# Dose–Response Relationship Between BRAF V600E Abundance and Cervical Lymph Node Metastasis in Papillary Thyroid Cancer

**Authors:** Yisikandaer Yalikun, Yuxin Shen, Anyun Mao, Qianlei Zhou, Jinchen Wei, Yue Zhu, Miaoyun Long

PMC · DOI: 10.3390/cancers17213562 · Cancers · 2025-11-03

## TL;DR

This study shows that the amount of BRAF V600E mutation in thyroid cancer, not just its presence, better predicts lymph node spread and helps guide surgery decisions.

## Contribution

The paper introduces a quantitative model using BRAF V600E abundance and ultrasound features to predict cervical lymph node metastasis in thyroid cancer.

## Key findings

- BRAF abundance above 20.7% sharply increases lymph node metastasis risk in papillary thyroid cancer.
- An XGBoost model integrating BRAF abundance and ultrasound features achieved strong predictive performance (AUC 0.752).
- Higher BRAF abundance correlates with clinical features like tumor size and microcalcifications.

## Abstract

Cervical lymph node status is critical when planning surgery for papillary thyroid carcinoma, yet most tools treat the BRAF V600E mutation as a simple yes/no finding.
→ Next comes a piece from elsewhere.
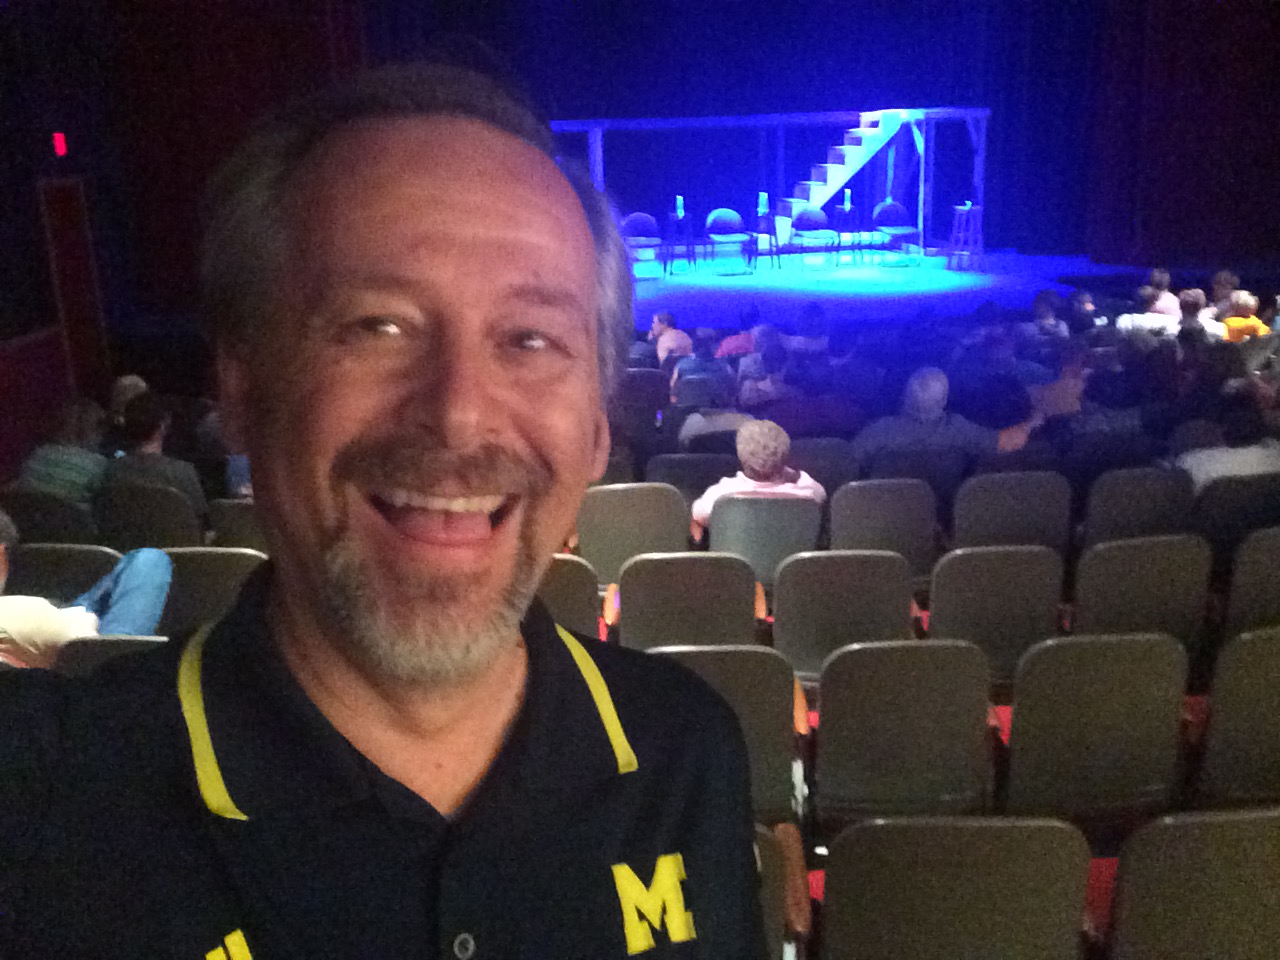 smiling man in theater with blue lit stage in background

We asked whether the amount of BRAF (reported as a percentage in fine-needle aspiration samples) provides more useful, patient-specific information. In a single-center cohort, we measured BRAF abundance preoperatively and linked it with surgical pathology, using flexible models that allow for a relationship where risk increases as abundance rises rather than a fixed cut-off. We found a steep rise in nodal risk at around 20.7% BRAF abundance, followed by a near-plateau, and built an easy-to-understand risk tool that combines BRAF with routine ultrasound features and demographics. This approach may help clinicians discuss options before surgery, focus attention on higher-risk patients, and avoid unnecessary procedures in lower-risk cases. Prospective, multi-center validation is still needed.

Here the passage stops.